The year is 1968 -- except that it isn't, really, as this first appearance of Columbo on anyone's screen was filmed some time in 1967. There is something cool, strange, and ever so slightly fraudulent about 1967. And 1968, for that matter. Does this telefilm partake of that strange, colourful, compelling time? You betcha.
For one thing, it’s got a wonderful James-Bondsy jazz score (thank you, Dave Grusin, who is oddly not listed in the credits). The scene near the end, when our villain, played by Gene Barry, drives his car to a place where Columbo is waiting for him, is a gorgeous aural interlude.

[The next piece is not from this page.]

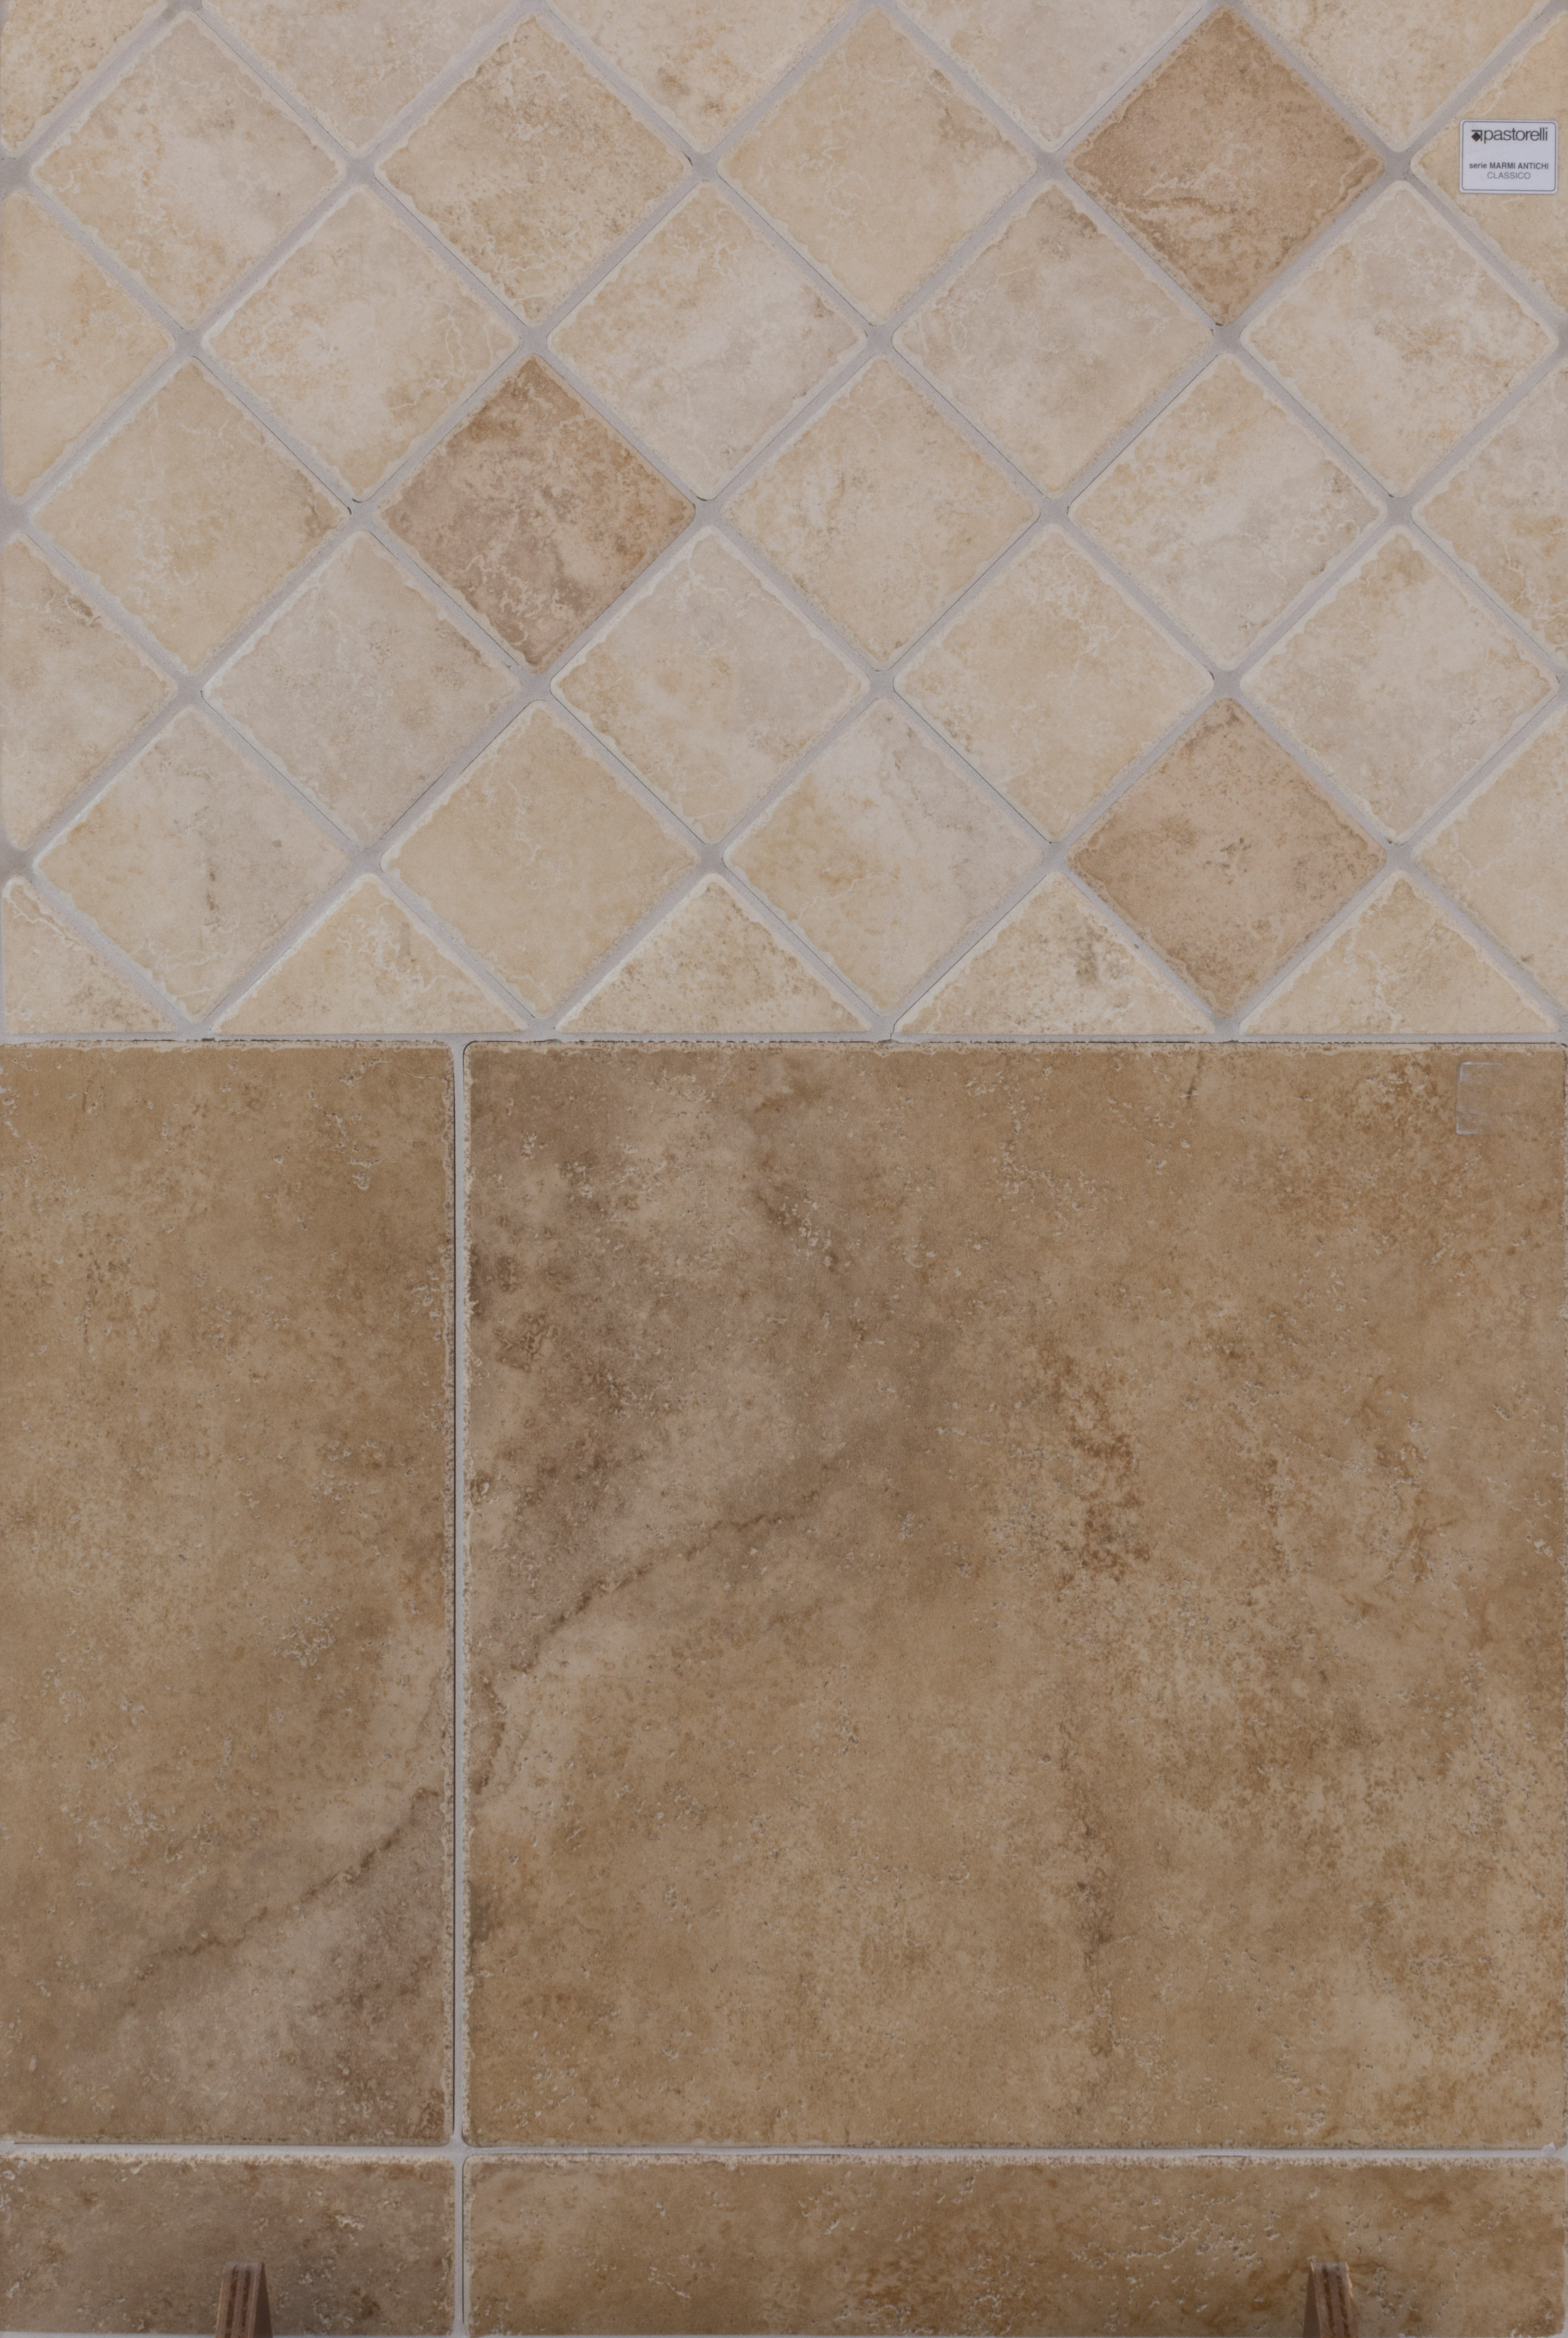 Athens Ceramic Tiles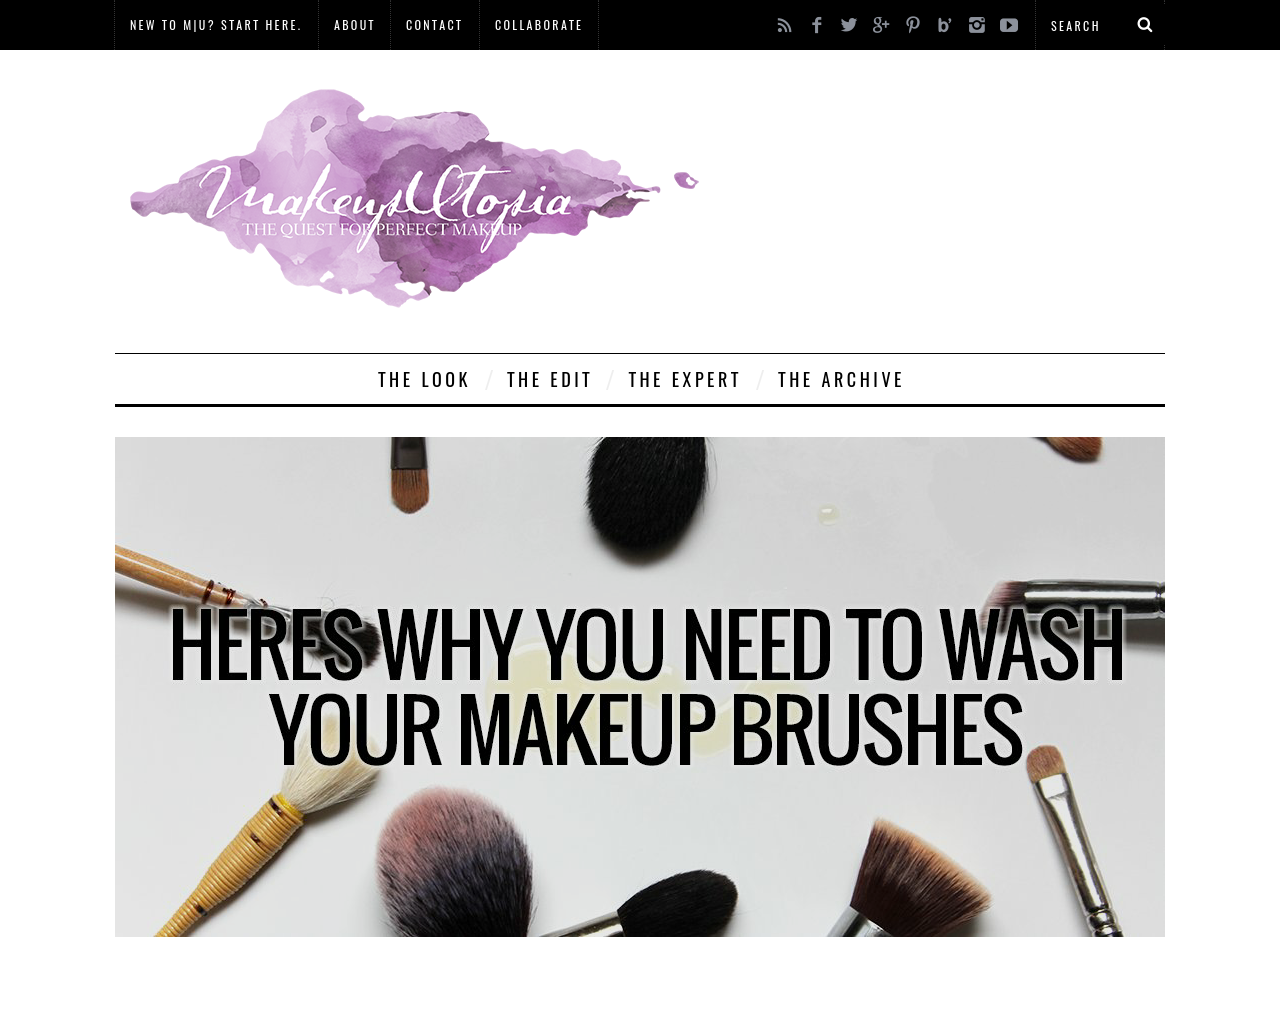 Makeup-Utopia-Advertising-Reviews-Pricing

But it’s not just the sound: it’s the look. Think of Star Trek, the original and definitive Star Trek of the same era. Freeze any of the frames, and virtually every one could be a poster: the figure groupings, the lighting, the colours: the composition, in fact. That show wasn’t just staged, staffed, and filmed: it was art-designed. It’s a production of immense physical beauty. Some of the plots may have been ludicrous, and some of the special effects would make the young-uns of today die laughing. But so what? Star Trek was sleek and it had something to say, especially in its more knowing political and philosophical episodes. I mention this because Prescription: Murder has a similar designed feel: a similar beauty. It’s not that we necessarily admire the characters’ taste -- when were any of these lavish but oddly ersatz LA mansions really my style, except maybe for the house of the conductor in the Cassavetes/Blythe Danner episode, Etude In Black (1972), and the huge sun-room in the Ruth Gordon episode, Try And Catch Me (1977)? Rather I mean the look of the Sixties, in a general way: the style and smartness of the clothing, the greater formality compared with later decades and especially the twenty-first century. The extended moment when Columbo, his back to us, addresses in uncompromising terms the lovely young lady -- her back also to us -- in a film studio is really captivating. We don’t see their faces, for that minute, and we don't need to: their expressive backs and his words say everything. And the mix of colors -- pink, dark blue, marbley lights; the warm brown of his briefcase; the sober grey of his suit -- makes the whole thing look gorgeous. A poster, if only you could print it and frame it.
And that’s another thing: the framing. As a director, Woody Allen is famed for his visual framing: for instance, the bar of the car frame that separates the windscreen from the driver’s window, visually dividing the people inside: at once an expression and confirmation of the division we know they’re feeling. Allen is very good at this. But so was the director of Prescription: Murder. Note for instance the way the character of Joan Hudson, at her moment of crisis, seems to be visually pinioned between two blue square columns. A neat effect. It’s there also in the very last scene, in which Columbo and another character are separated visually from the killer, by a sliding door bar very reminiscent of Allen’s car frame. But a decade or two beforehand.